Mohamed and Shah6 performed meta-analysis of observational data from studies on transfusion-associated NEC and found increased odds of NEC within 48 hours after receiving a RBC transfusion. Meta-analysis of 5 studies5, 11, 21, 25, 32 showed increased odds of NEC after recent transfusion (OR 3.91, CI: 2.97–5.14). Meta-analysis of 4 of these studies25, 3739 that reported adjusted estimates revealed a similar but lower risk of NEC (pooled adjusted OR 2.01, CI: 1.61–2.50). A more recent meta-analysis of 13 studies found no association between RBC transfusion and NEC occurring within 48 hours of transfusion (OR 1.13, 95% CI: 0.99–1.29) with high statistical heterogeneity among studies (I2=93%).40 The differences between these two meta-analyses may be due to a positive-result or publication bias, with earlier studies all reporting an association between RBC transfusion and NEC vs. the lack of such an association in the more recent ones. In addition, a meta-analysis of randomized trials comparing restrictive vs. liberal RBC transfusion strategies in preterm infants found no effect of more RBC transfusions (higher hemoglobin transfusion thresholds), compared to fewer RBC transfusions, on the risk of NEC (OR 0.6, CI 0.3–1.21).40 The pooled point-estimate of effect from these randomized trials are similar to the point-estimates of studies by Patel et al.12 and Sharma et al.,27 with each study favoring a lower risk of NEC associated with exposure to RBC transfusion.

Effects of RBC transfusions and anemia on gut perfusion and injury

In premature infants, both anemia and RBC transfusions can theoretically alter intestinal perfusion and cause/augment injury. Plausible mechanisms include immaturity of the splanchnic vascular bed, re-oxygenation injury in the anemic gut, and immune mechanisms similar to those seen in transfusion-related lung injury (TRALI). Current clinical evidence does not support a major contribution of the storage age of transfused RBCs to NEC,5, 13, 25 but older RBCs could accentuate microvascular ischemia and tissue hypoxia.

Host immaturity

The immaturity of the vascular autoregulatory responses in the neonatal gastrointestinal tract is well-known, and could potentially place the infant at increased risk of gut mucosal injury. Szabo et al.41 showed that hypoxia impaired the normal post-prandial hyperemic response and decreased the gut oxygen delivery in newborn piglets. Krimmel and coworkers42 showed that RBC transfusions can dampen the normal postprandial increase in mesenteric blood flow in premature infants with a birth weight <1250 grams. In another study, Gupta et al.43 demonstrated that RBC transfusions reduced the mesenteric arterial blood flow in infants with a patent ductus arteriosus 4 hours after the transfusion. Blau et al.26 suggest that NEC may peak at the post-menstrual age of 31–32 weeks44, 45 because of a developmental susceptibility to neovascularization and oxygen toxicity during this period, possibly related to increased expression of angiogenic factors in the anemic gastrointestinal tract.46

Anemia

Anemia can impair splanchnic perfusion,41 resulting in tissue hypoxia, anaerobic metabolism, and accumulation of its by-products such as lactic acid.47 Anemia can also impair the normal maturation of vascular autoregulation in the premature intestine,48 predisposing to ischemic injury, and possibly, NEC.47

Singh et al.21 reviewed the medical records of 111 preterm infants with confirmed NEC and 222 matched controls, and found lower hematocrit to be associated with NEC (OR 1.10, p=0.01) in multivariate models. They showed that RBC transfusions within the preceding 24 hours (OR 7.6, p=0.001) and 48 hours (OR 5.55, p=0.001) were associated with NEC. However, other retrospective studies led by Josephson,13 Christensen,5 Paul,25 and Blau26 did not find a significant effect of anemia.

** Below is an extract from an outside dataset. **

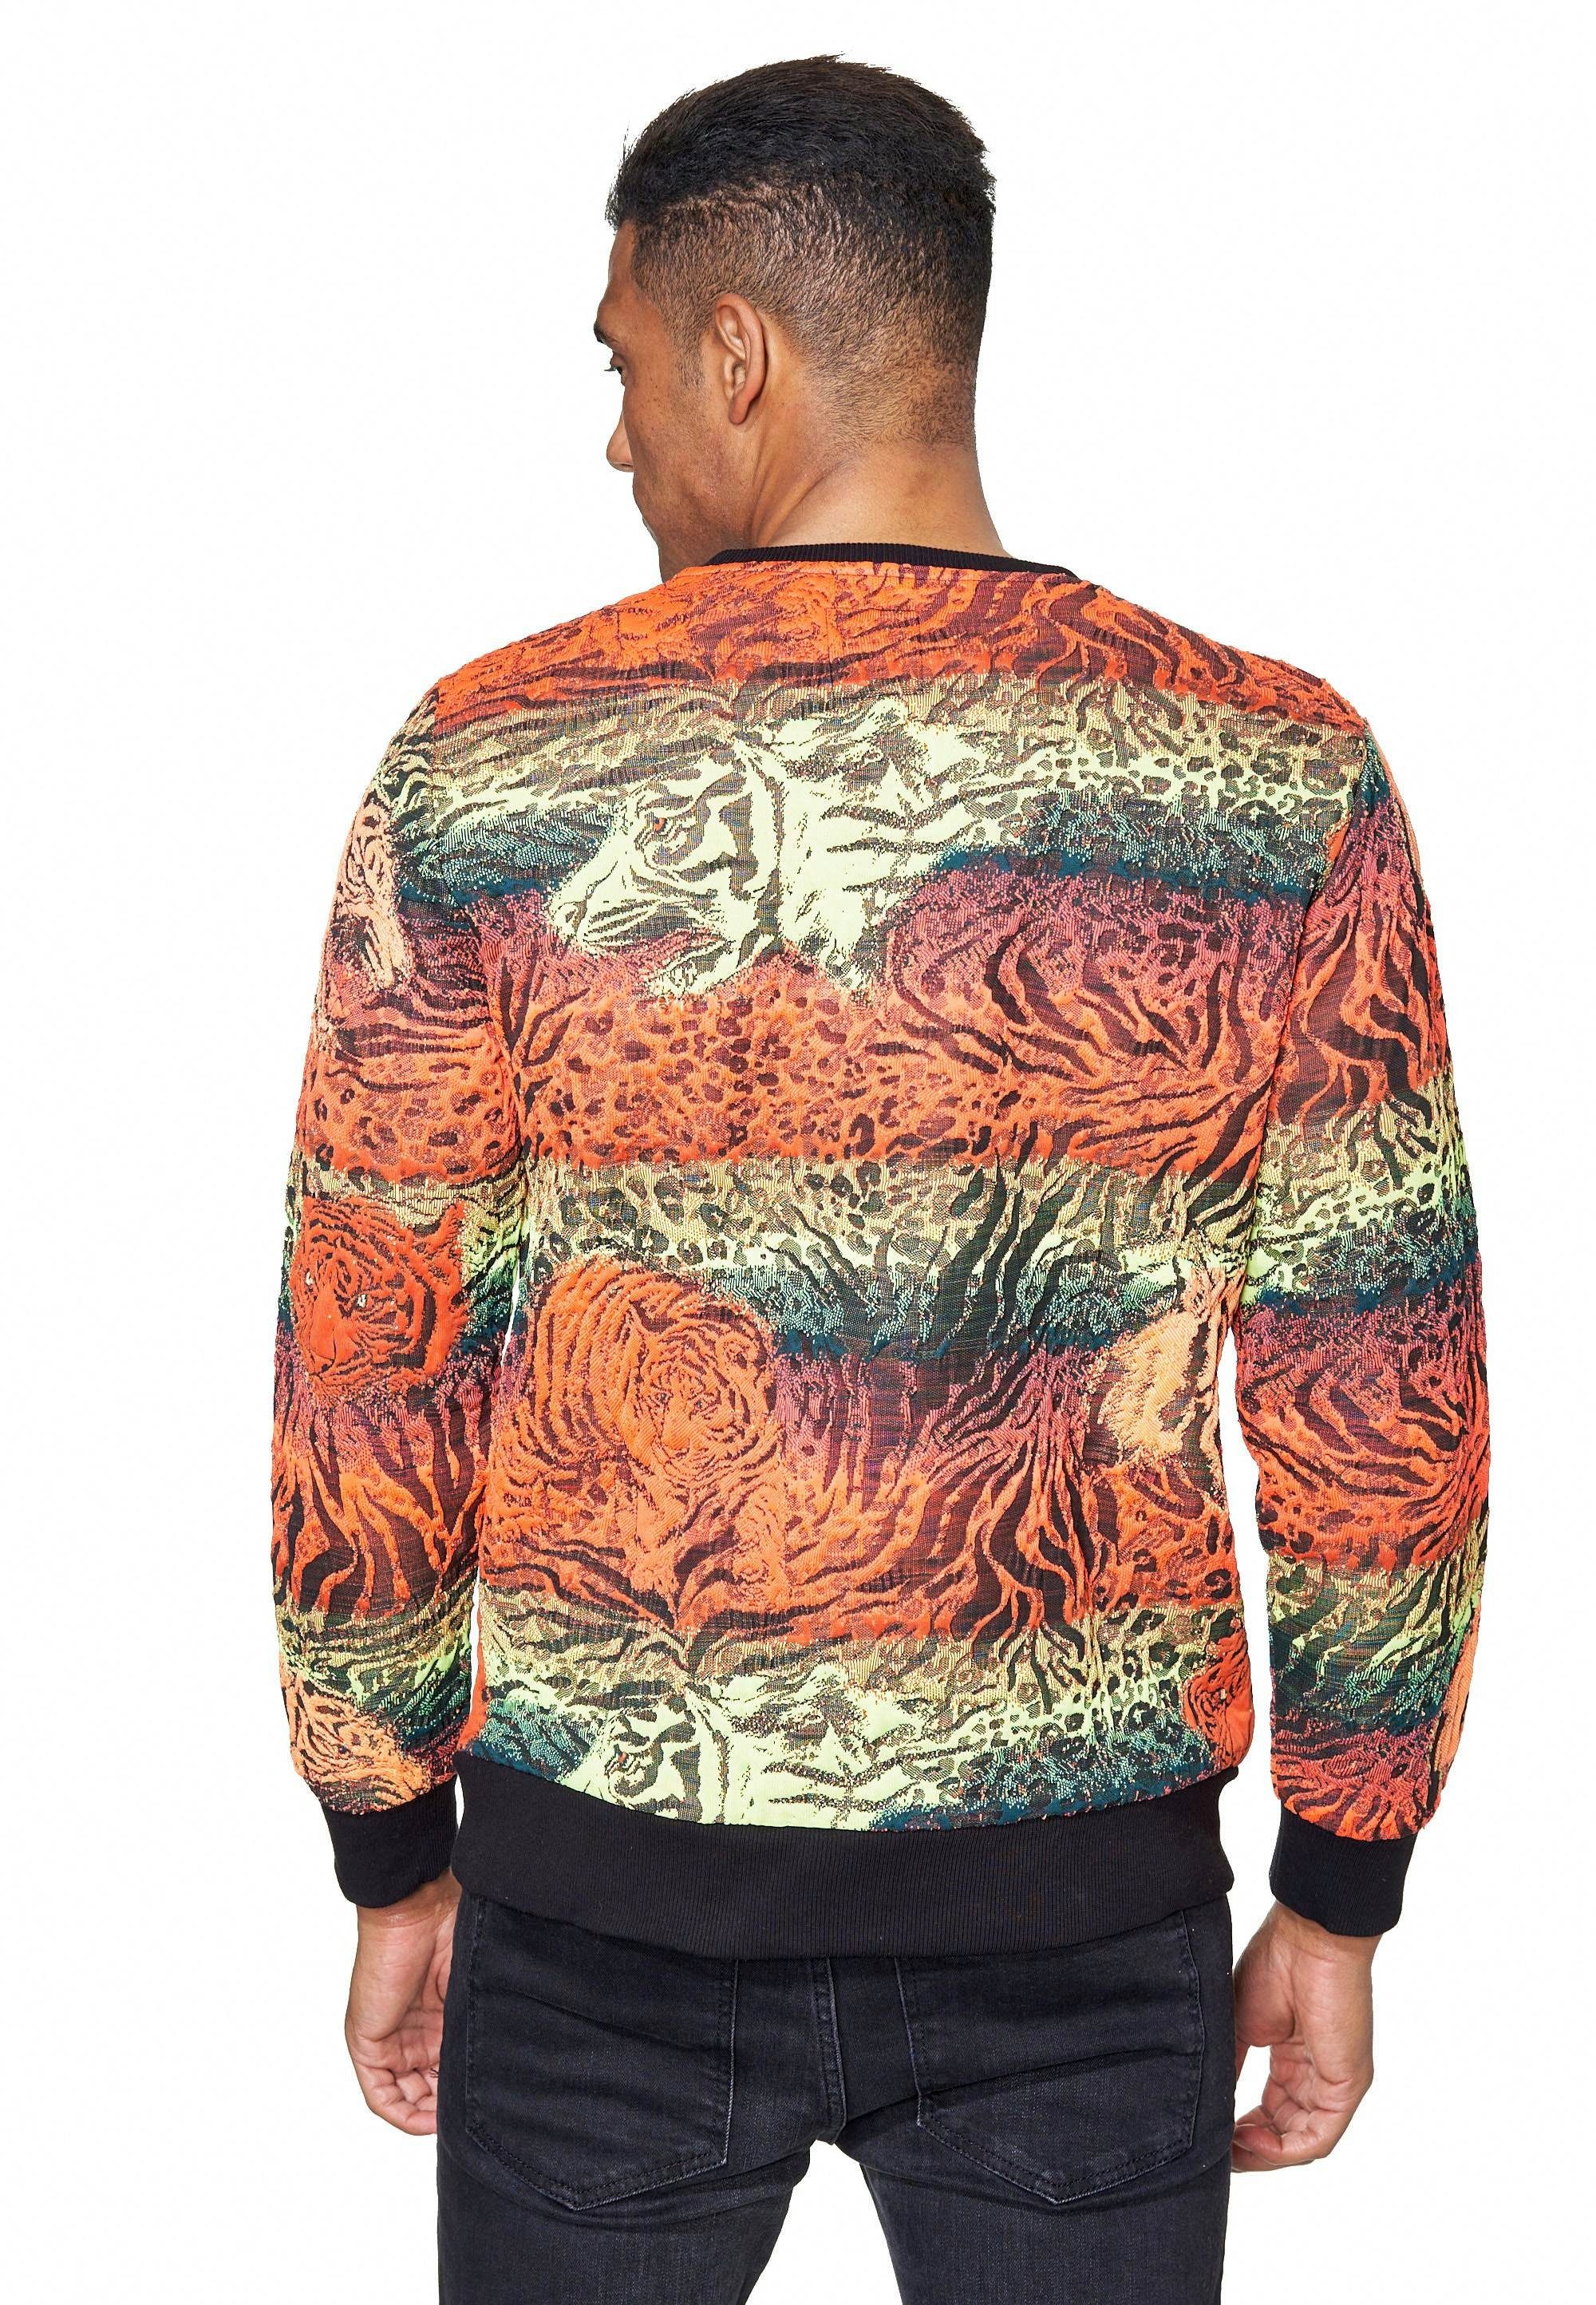 Sweatshirt Tiger-Design trendigen Sweater Neal im Rusty Neal Rusty

In convalescing preterm infants, anemia is a frequent, near-universal event. The most common reason for low hematocrits in this subgroup is anemia of prematurity. However, in infants with NEC, other etiologies may need to be carefully excluded. Some studies have shown an association of NEC with activation of the Thomsen-Friedenreich cryptic T antigen (T-antigen activation) on RBCs, causing low-grade hemolysis and anemia in multi-transfused patients who have previously received blood from adult donors carrying anti-T antibodies.49 Although the pathophysiological significance of T-activation in NEC remains unresolved,50 the presence of low-grade, smoldering intestinal inflammation prior to transfusion may be difficult to exclude in some patients. This scenario may involve reverse causation with intestinal injury causing anemia and not otherwise. Growing preterm infants who are anemic but otherwise stable are usually monitored with an expectation of spontaneous improvement in hematocrits. Because anemia could manifest in premature infants with myriad presentations,51 non-specific symptoms of early NEC such as tachycardia, feeding intolerance, and irritability could be ascribed to anemia and treated with a transfusion. In these infants, later onset of NEC could be associated erroneously with the RBC transfusion.

In the study by Patel et al.,12 severe anemia in a given week was associated with a 6-fold higher risk of NEC. In additional analyses among RBC transfused infants, each 1 g/dL decrease in the lowest measured hemoglobin in a given week was associated with a 65% increase in the risk of NEC (P<0.01). Between 49 to 90 days of age, infants with NEC, compared to those without NEC, tended to have a lower hemoglobin (mean difference: −1.5 g/dL, p = 0.06). However, the study did not evaluate for the interaction between severe anemia and RBC transfusion, although several cases of NEC occurred following exposure to both within the same week. A recent case-crossover study by Le et al.52 found no association between RBC transfusion and NEC (OR 1.80, CI 0.60–5.37). A subgroup analysis reported that infants with anemia (Hb ≤9.3 g/dL) were at increased risk (OR for RBC transfusion and NEC = 6, CI 0.7–50) compared to those who were not anemic (OR = 1, CI 0.2–5.0), although there was no statistical evidence of heterogeneity (test for subgroup difference p = 0.19).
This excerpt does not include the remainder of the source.